Seems like Europe did a lot of forgetting.
So do a lot of others. It’s done a great deal, frankly, for political and other purposes to manipulate opinions. If the past isn’t a fixed record—and it really isn’t—it isn’t a store window to be redressed when seasons or fashions change, either. It has lessons to teach if we pay attention to it.
The Liberty Bell Files: J. Edgar’s Demons
The Liberty Bell Files is about what people believe and why they believe it, how some forget the past just because they can. It's about how some people feel compelled to do certain things because important people tell them to, regardless of whether it makes any sense.
Imagine a division of the FBI dedicated to conspiracy theories…only some of them aren’t theories. Available from your favorite bookseller or from me if you want an autograph.
Coming Up…
Deadly Emigres
Britain's Darkest Hour Reconsidered
And Finally...
On 22 June:
1815: Napoleon abdicates his throne for the second and last time in Paris.
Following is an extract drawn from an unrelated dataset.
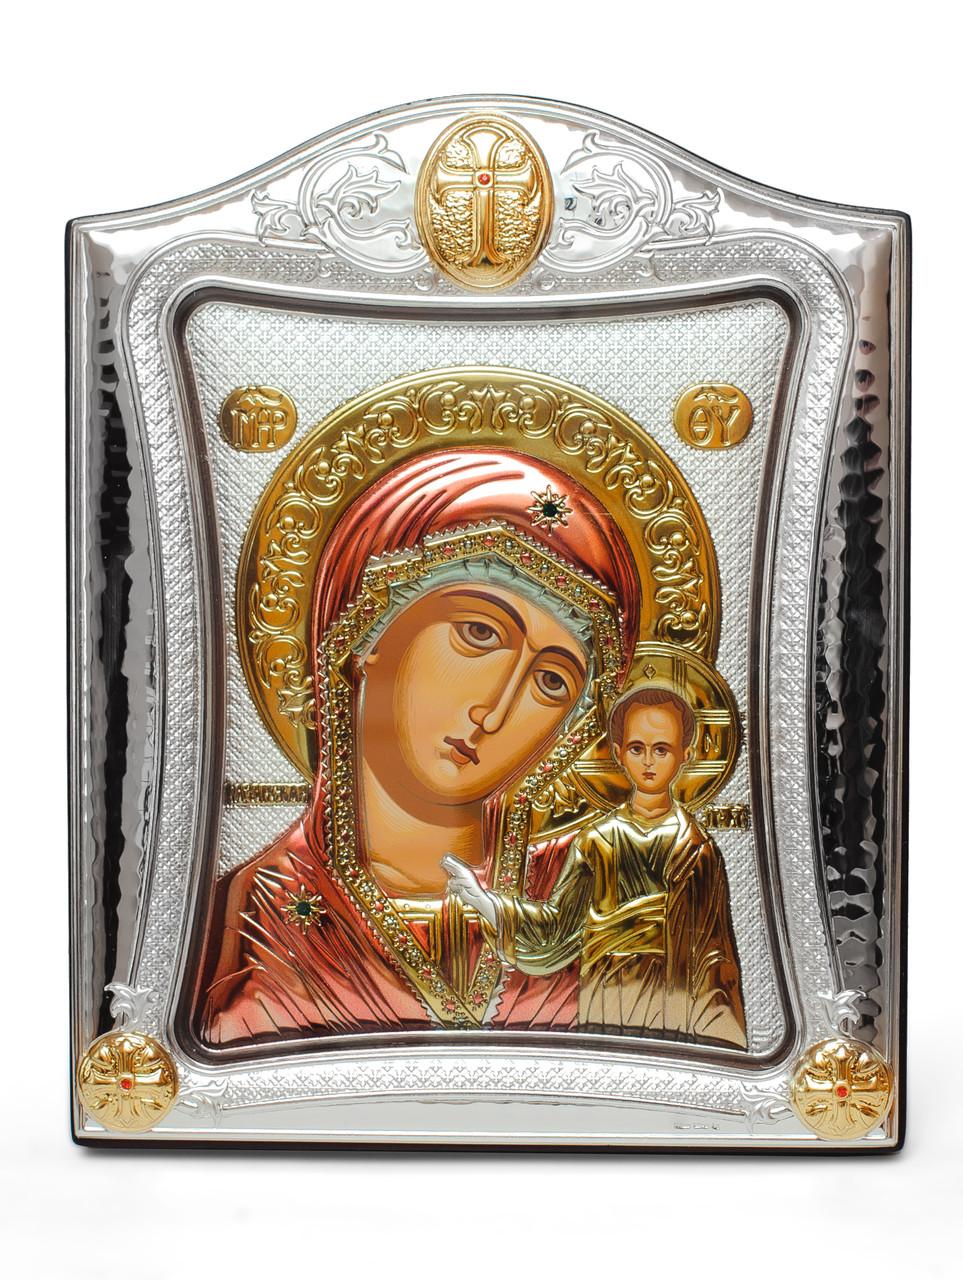 Эксклюзивная серебряная икона Казанская Божья Матерь 20х25см под стеклом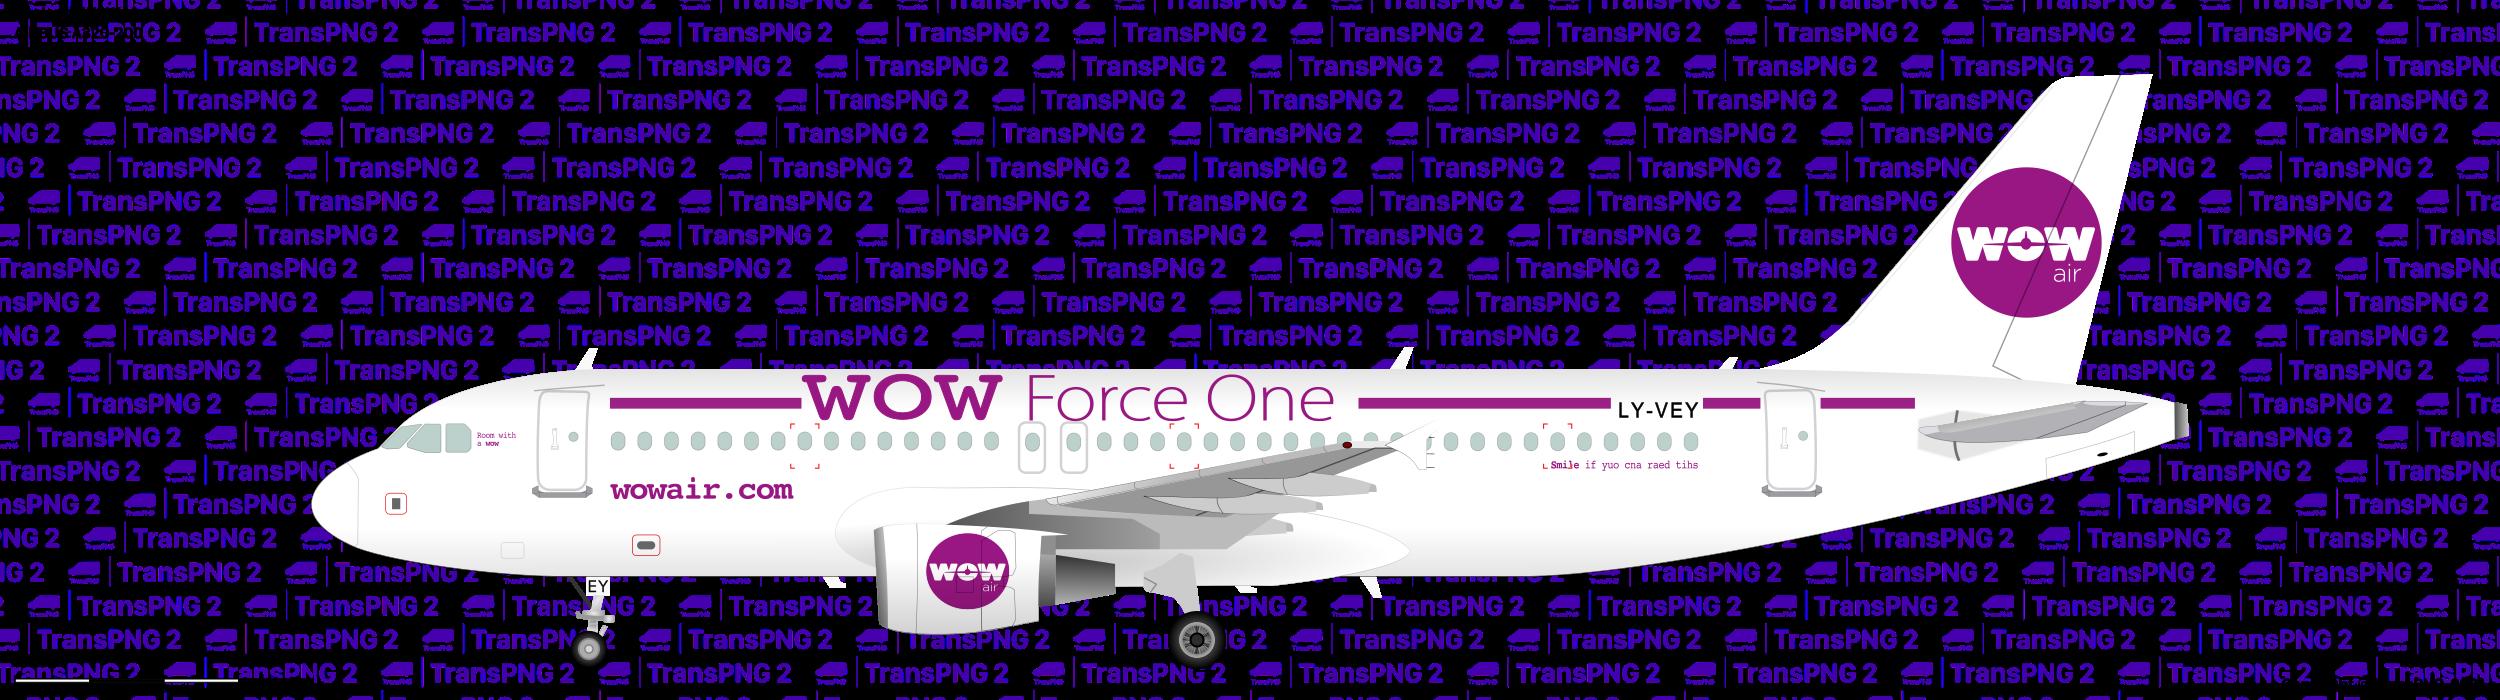 [25097] WOW air 25097

After a whirlwind three months, which once again brought the spectre of global war, the Emperor accepted exile in the South Atlantic, where he stayed for the rest of his life.
1941: Operation BARBAROSSA began, the German invasion of the Soviet Union. The largest land invasion in human history, 2.5 million men crossed into occupied Poland and the Soviet Union in what was supposed to be a six-week campaign. Just under four years later…
And today is NATIONAL KISSING DAY. Just make sure that the object of your osculation is in on the deal before you go about laying one on them. But you’ll have another chance in another couple of weeks.